И снова раздается шипение, посторонние шорохи, скрип, и снова три женщины переносятся в Шропшир, в бунгало Розамонд, в гостиную, где она сидит в окружении призраков и фотографий.
Номер двенадцать. А-а, эта фотография, Имоджин, наверное, моя самая любимая. С ней связаны исключительно счастливые воспоминания. Потому и так больно на нее смотреть. Но все же я постараюсь описать ее спокойно и в меру дотошно. Много лет я не брала в руки этот снимок — боялась, откровенно говоря. Дай мне немного времени разглядеть его и собраться с мыслями.
Хорошо. Прежде всего — озеро. И голубое небо, совершенно безоблачное. На самом верху оно — густая лазурь, но чем ниже, тем небо бледнее и, наконец, почти белое там, где оно касается горных вершин. Горы на заднем плане, две одинаковые вершины по бокам снимка, а соединяет их пологая гряда с плавной выемкой посередине. Зимой на вершинах лежит снег, но на этой фотографии другое время года. Ниже по склонам начинается пастбище, зелеными волнообразными складками оно спускается к берегу озера, кое-где уступая место хвойным рощицам. Внизу, в долине, на противоположном берегу, прячется деревенька — церковный шпиль блестит над кучкой жмущихся друг к другу белых домиков с красными крышами. Деревня, если не ошибаюсь, называется Мюроль. Ибо мы в Оверни, во Франции, в самый разгар лета, — долгий, безмятежный, прекрасный день летом 1955 года.
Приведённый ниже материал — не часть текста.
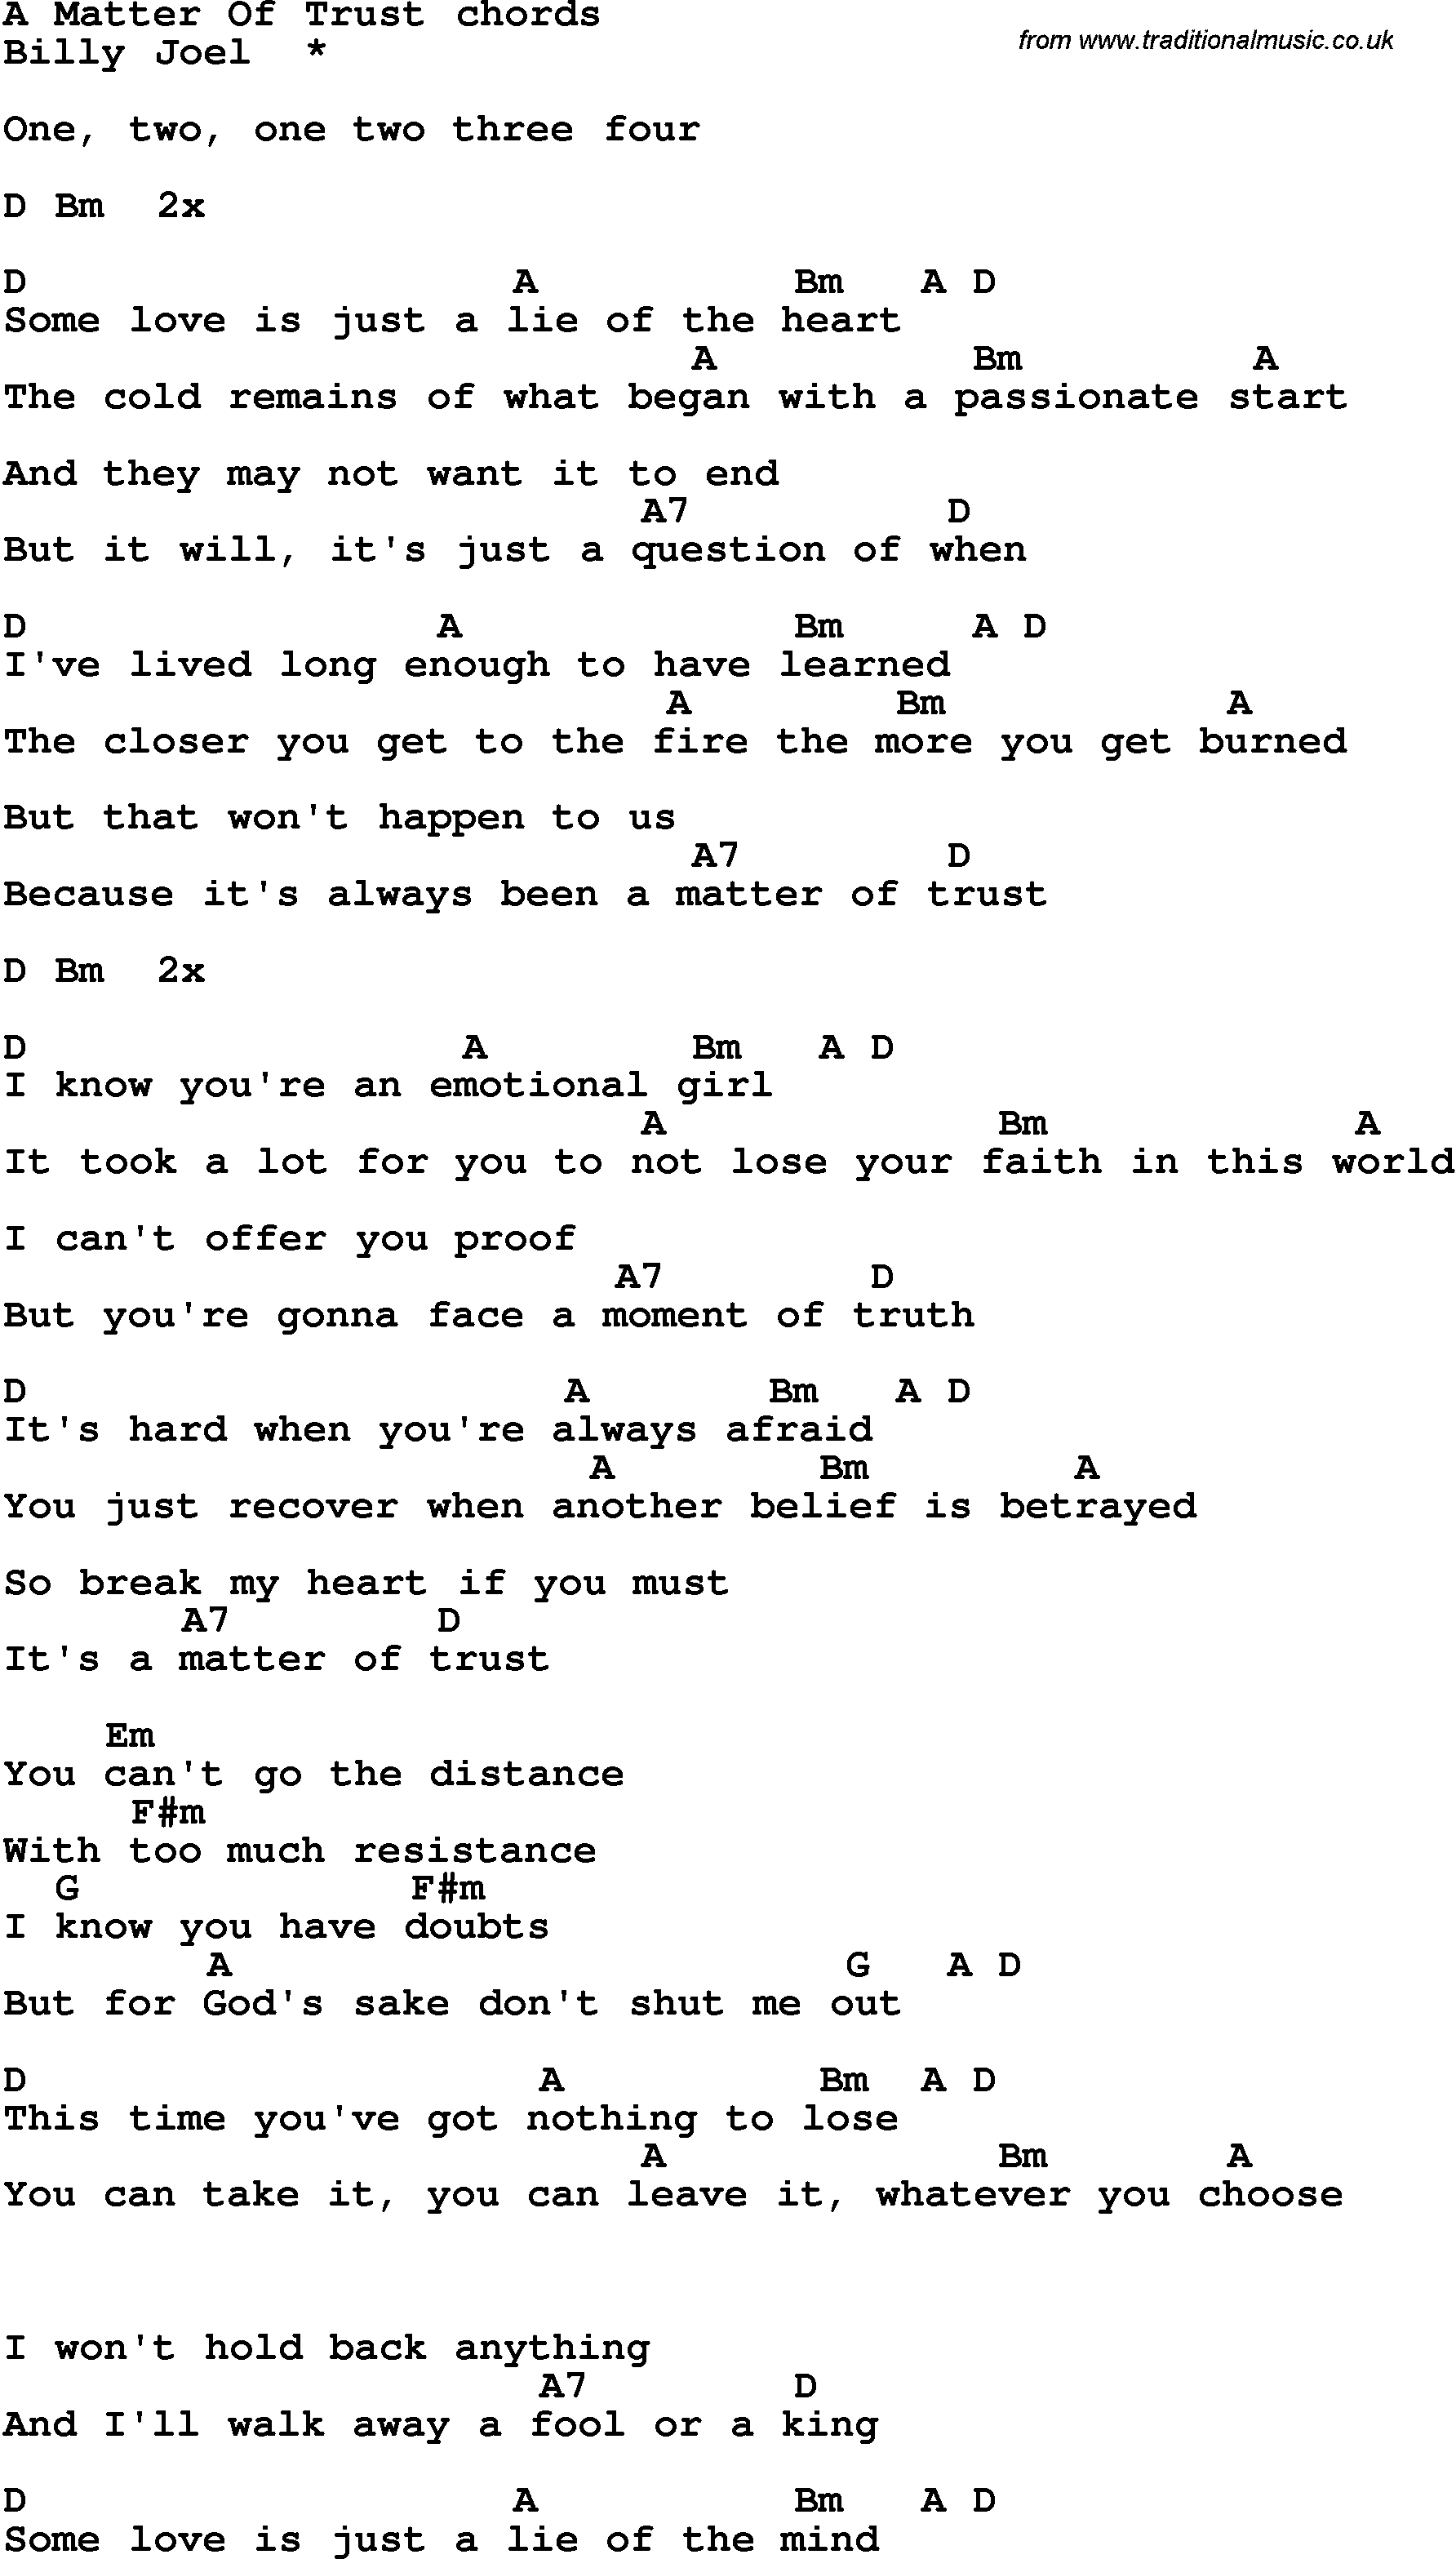 Song Lyrics with guitar chords for A Matter Of Trust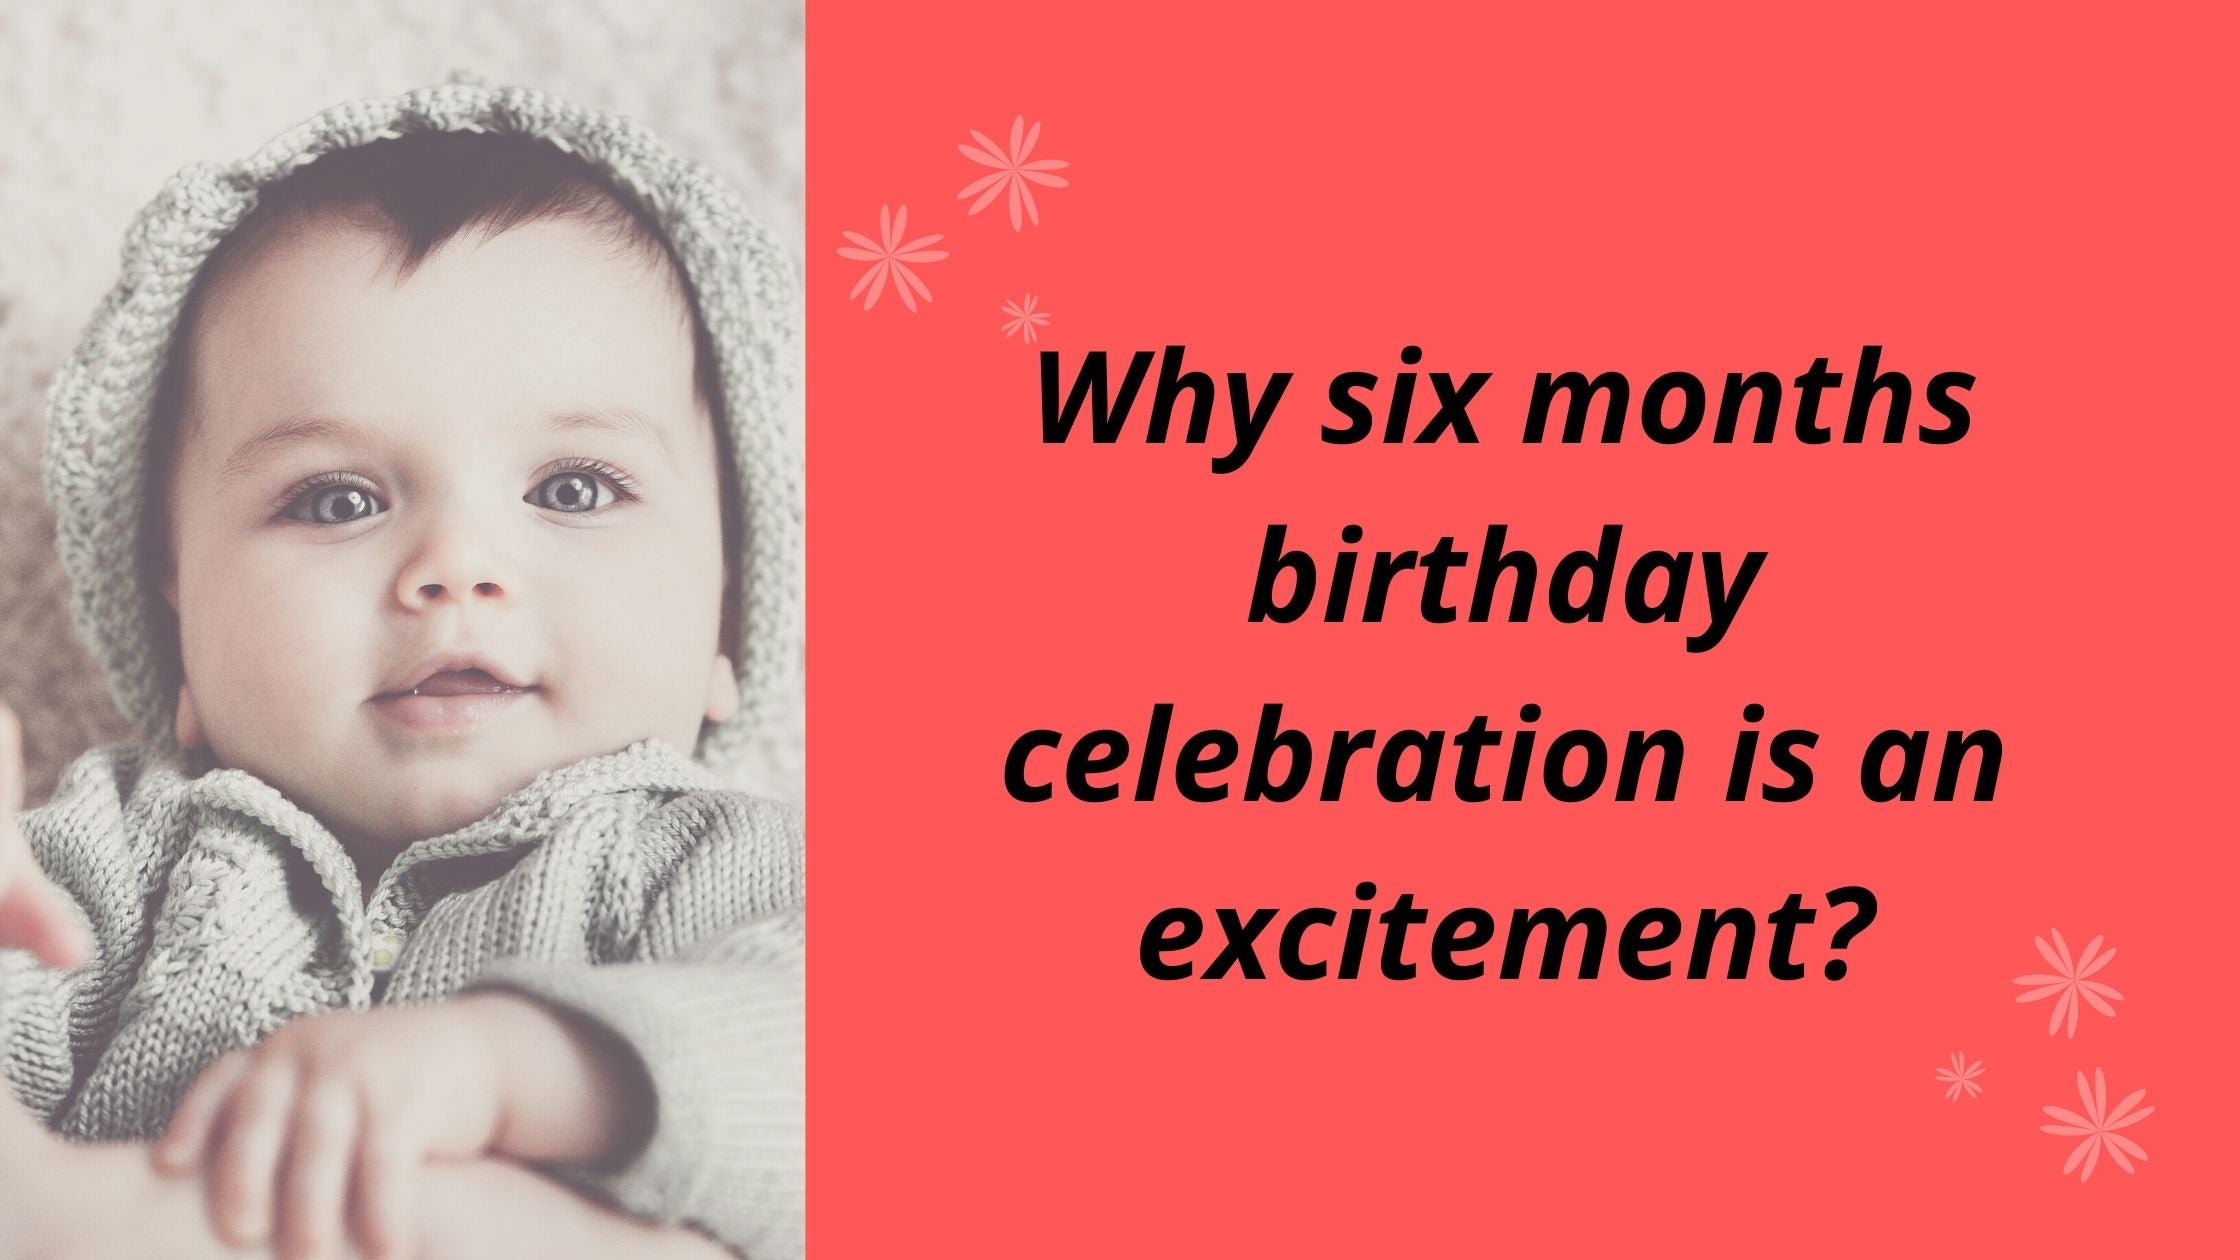 Why six months birthday celebration is an excitement?

Озеро зовется Шамбон, и расположено оно на юге Оверни. Озеро спокойно, его гладь идеально отражает застывшую симметрию гор, и, если смотреть на фотографию слишком долго, начинает казаться, что на поверхности воды нарисована геометрическая абстракция. Дальний берег порос деревьями, а на переднем плане снимка, в правом верхнем углу, — густые ветви каштана внахлест. Под каштаном маленький галечный пляж, в воде стоят две фигуры спиной к камере. На девочке лет шести-семи с темно-русыми волосами, затянутыми в два хвостика, купальник в розовую и белую вертикальную полоску; рядом с ней молодая женщина в синем купальнике, поверх которого надета короткая юбка в складку — в таких играют в теннис. У женщины светлые волосы — светлее не бывает, волосы спускаются ей на шею, но до плеч не достают. Плечи у женщины широкие — словом, фигура спортивная, но и одновременно изящная, руки и ноги длинные, гладкие. Женщина слегка наклонилась, помогая девочке, — не совсем ясно, чем они там занимаются, но подозреваю, женщина учит ребенка «печь блинчики» — бросать камешки так, чтобы они прыгали по воде. Обе стоят примерно в полутора метрах от пляжа. Женщина — конечно, Ребекка, а маленькая девочка — Tea. Фотографирует их твоя покорная слуга, и снимала я, лежа на лугу над пляжем, среди высокой травы и полевых цветов, поэтому внизу на переднем плане расплывчатые очертания травинок и желтых лепестков — камнеломки, по-видимому.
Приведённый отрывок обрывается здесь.